Of the going concern methodologies, the cost residual method appears best suited to assess taxable property value. However, challenges and subjectivity abound when identifying and determining all aspects of depreciation that may impact market acceptance of the real estate asset, especially for an older property.
Starting with the business is problematic given the dollars involved in seniors housing resident services. Median asking rent for a conventional apartment was $1,000 per month in the Federal Reserve’s 2022 Survey of Household Economics and Decision Making. By comparison, the median monthly rate for assisted living is $4,000, according to the American Health Care Association and National Center for Assisted Living. Importantly, that $4,000 excludes fees for additional services like medication management and bathing assistance.
Service fees constitute significant revenue in most seniors housing operations. A 2019 CBRE Senior Housing Market Insight report found that 65 percent of the revenue in assisted living properties comes from services provided above and beyond pure rent. The 2023 JLL Valuation Index Survey found that the average majority assisted living asset class saw an expense ratio of 71 percent.
Owners and appraisers must closely examine operating statements to develop and support their opinions of value.
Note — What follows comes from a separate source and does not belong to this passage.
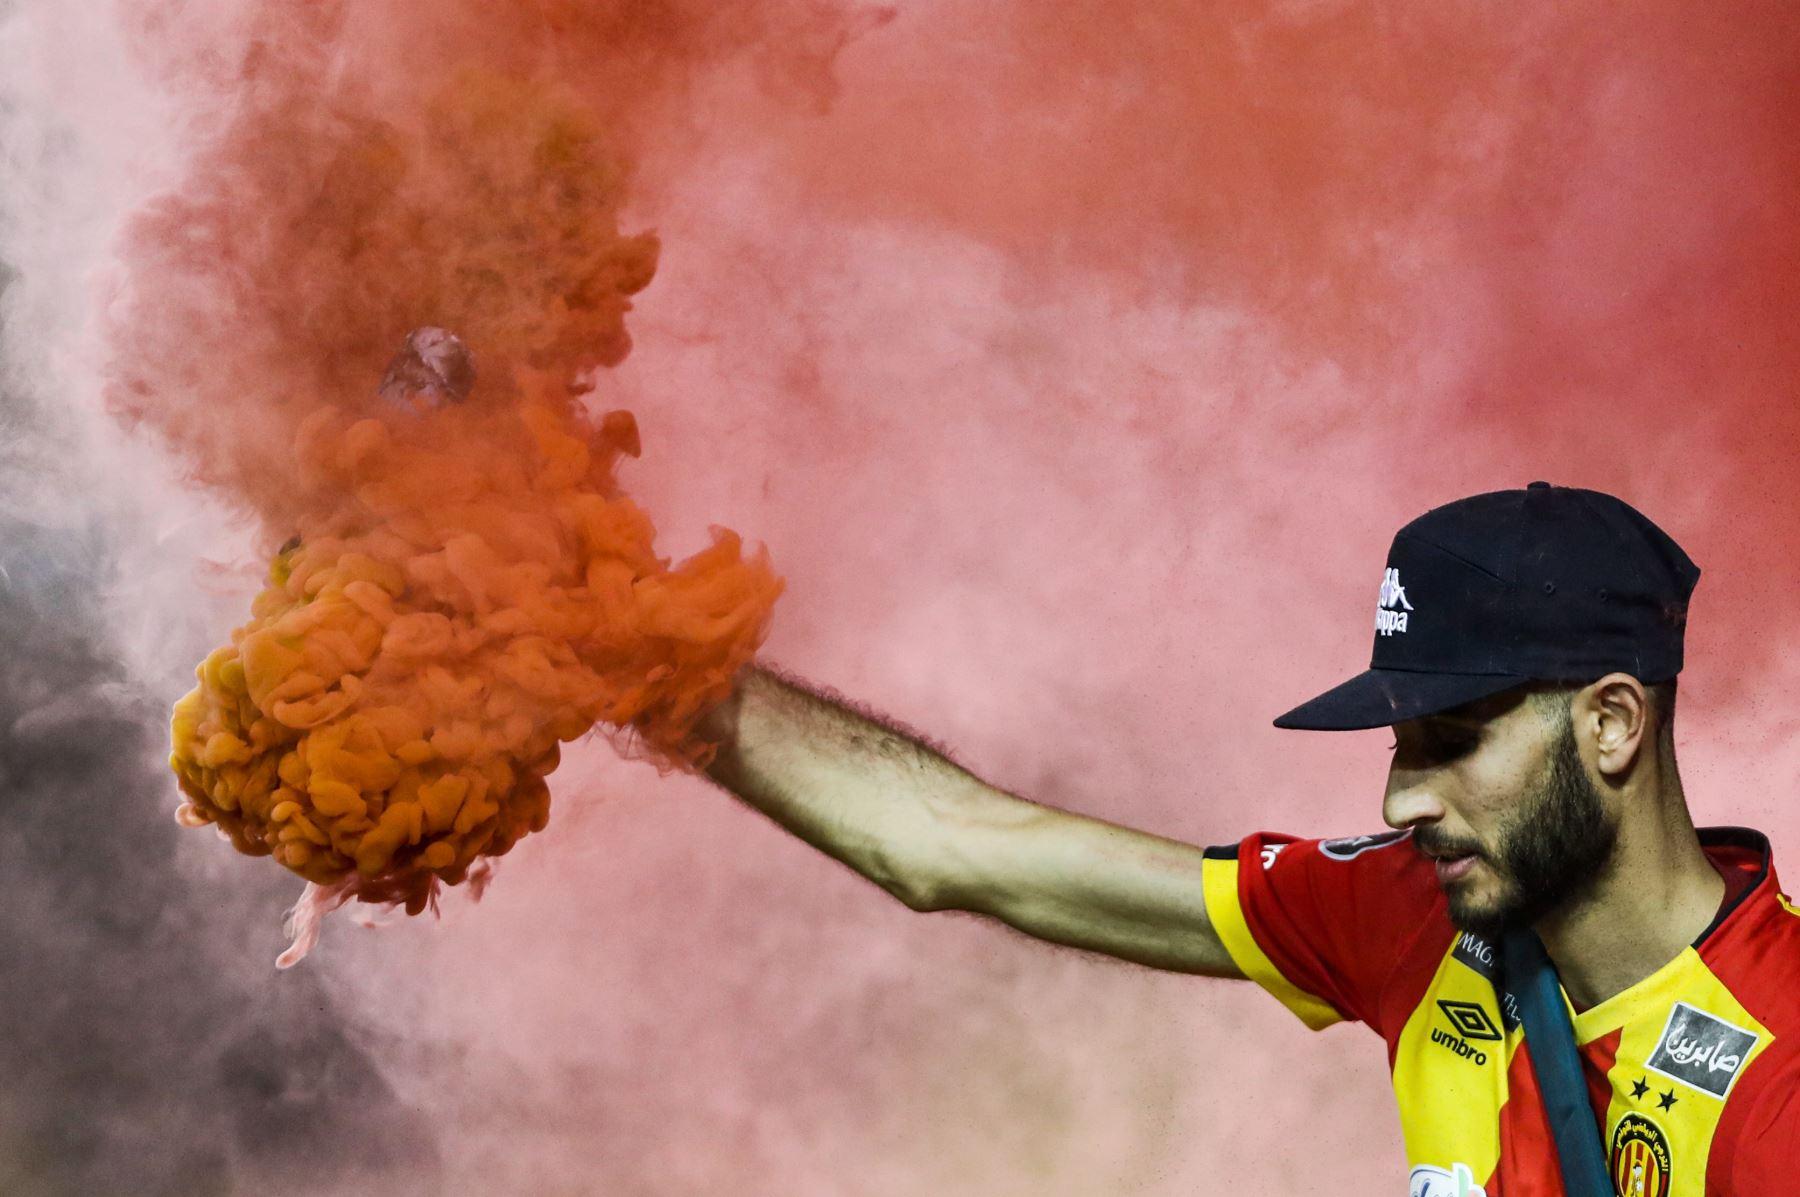 Los fanáticos de Esperance encienden bengalas mientras animan a su equipo durante el partido de fútbol de cuartos de final de la Copa Mundial de Clubes de la FIFA 2019 entre Hilal y Esperance de Tunis. Foto: AFP

Appraisers should consider looking at properties as having multiple income streams to verify whether their opinion of value for the real estate is reasonable and supportable. Operators and investors should be open and honest about return expectations.
Because the income generated by intangible business assets at senior living properties is taxed in other ways, assessors must continue to carefully review senior living real estate to ensure fair taxation.
Steve Nowak is a partner in the law firm Siegel Jennings Co. LPA, the Ohio, Illinois and Western Pennsylvania member of American Property Tax Counsel, the national affiliation of property tax attorneys.